Generalization. Intelligence encompasses pattern recognition, natural language processing, knowledge representation, metacognition, planning, perception, analogical reasoning, creativity and many other aspects listed here. In order to describe a system whose behaviors exhibit properties of intelligence - the description itself can’t be specific to creativity, pattern recognition, planning or any of the other mentioned properties. We need to work on a higher level of abstraction whose special cases are those properties.
Internal model. All intelligent systems seem to have one thing in common: possession of an internal model of their environment, whose accuracy in modelling the said environment seems to be correlated with the degree of the intelligence of the corresponding system. Intelligent systems tend to organize and layer various hierarchical representations of the world in order to be more efficient at its internal simulation and thus prediction of its future states. Being tightly related to the notion of autopoiesis, these systems show a tendency not to only maintain themselves, but also to maintain their environment in a state which is compatible with their existence. One could consider these systems to be good regulators which strive to become isomorphic to the environment - whatever isomorphic might mean in this context.
No free lunch. In previous paragraph I kept mentioning the word “environment” to talk about intelligence. Perhaps the question “Does the behavior of X exhibit properties of intelligence?” is incomplete. Perhaps it only makes sense to study intelligent properties of a system with respect to a given environment. A system we deem intelligent, alive or autopoietic in one environment might not be considered as such in a completely different environment. For instance, consider a giraffe in its natural habitat.

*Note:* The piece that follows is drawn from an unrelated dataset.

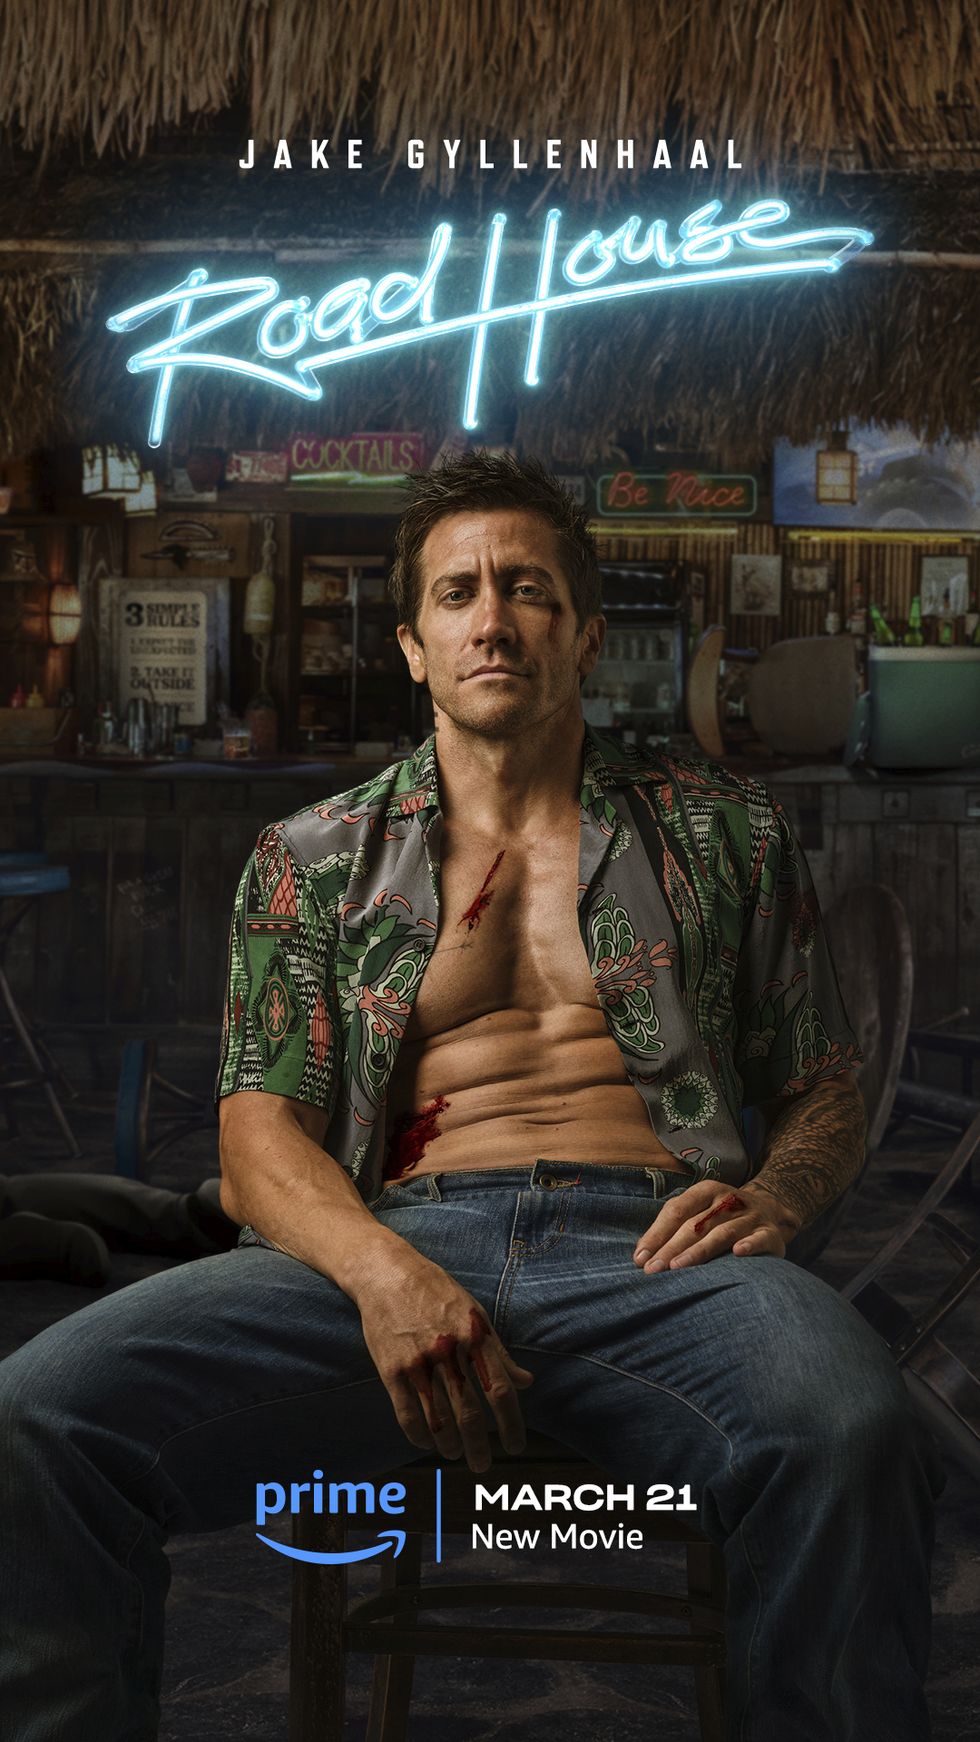 Jake Gyllenhaal's Road House remake confirms Prime Video release date

Although we can consider a giraffe to be a stable living system in a savanna, a giraffe in some arctic climate is not an autopoietic system. Another example is you, a human being. You consider yourself to be intelligent. But a human being can only survive in a tiny range of all possible environments. By placing you in a randomly chosen point in the universe, you most surely wouldn’t last very long. So it means you are also intelligent, but only with respect to your environment. Then, a natural question to ask is whether there’s a system which would be classified as intelligent with respect to any environment? Although I’m having trouble imagining how a random sample from the space of all environments could look like, there’s an interesting insight from optimization we can think about. No free lunch theorem states that, when averaged over all possible optimization problems, any two optimization algorithms are equal. It is a very interesting result that is not easy to wrap your head around. Does it give us any insight about what it means to be intelligent with respect to all environments? One could conclude all systems are equally intelligent when averaged over all environments! In other words, a rock and a person are equally intelligent, when averaged over all environments. Even though that might be hard to internalize, there is a good “rebuttal” to the argument. One might argue we are not interested in averaging over all possible, environments, but rather across a subset of environments we are interested in. This is the exactly the argument why optimization algorithms work at all - it is because we are not interested in their general performance on any data, but rather on a specific type of data.
Deep learning. Another hint which tells us how to approach reasoning about intelligence comes from deep learning. An increasing number of components of a modern deep learning system can be learned. For example, Generative Adversarial Networks learn the cost function. The paper Learning to Learn by gradient descent by gradient descent specifies networks that learn the optimization function. The paper Decoupled Neural Interfaces using Synthetic Gradients specifies how gradients themselves can be learned. These are just rough examples, but they give a sense of things to come. As more and more components of these systems stop being fixed throughout training, there is an increasingly larger need for precise formal specification of the things that do stay fixed. This is not an easy task; the invariants across all these networks seem to be rather abstract and hard to describe.
My research explores the hypothesis that the language of category theory could be well suited to describe intelligent systems in a precise manner. By doing so, I hope to describe and quantify high-level intelligent behavior.
Category theory is becoming a central hub for all of mathematics - but is also slowly finding applications in chemistry, game theory, neuroscience, causality and database theory to name a few. It is unmatched in organizing and layering abstractions across seemingly disparate disciplines.
Category theory, however, is much more than that. I believe we have just begun scratching the surface of general reasoning using category theory, as it can be extremely potent in guiding, structuring, and compressing thought. Category theory and intelligence seem to be deeply linked - both are guided by the goal of organizing and layering abstractions. Automation of exactly that - organizing and layering abstractions - seems to be the quest of machine learning.
The goal of recent efforts in AI is to discover a way to find patterns and concepts in data, organize those concepts in a compositional, hierarchical structure such that new concepts can be added and integrated in a body of knowledge the agent already posseses. Surprisingly, category theory seems to be doing exactly that. It is a structured way of adding concepts and information to our network of interconnected concepts.
With the above in mind, I make my goals more precise. I’m interested in understanding the theoretical and practical considerations of computation performed by systems we classify as intelligent, with a focus on those that utilize gradient information during learning. My interests are both at a low level (automatic differentiation, composition of differentiable maps) and at a high level of abstraction (categorically modeling network architectures, training methods, as well as concepts such as ‘generalization’ and ‘analogy’).
This is, of course, just the tip of the iceberg; understanding and implementing this type of computation implies an understanding of plenty of other things things that are complex enough by themselves already. This is why I’m also a strong advocate of purely functional programming languages and type-driven development. I believe we should outsource a part of our cognitive load to the compiler and use it as a guide while writing programs.
One important thing to note is that it is not the case that I’m trying to impose a special “category-theoretic way” of modeling these systems; what I’m doing is trying to find the most natural, leaky-abstraction-free and composable way there is to understand these systems. It turns out that I end up doing category theory.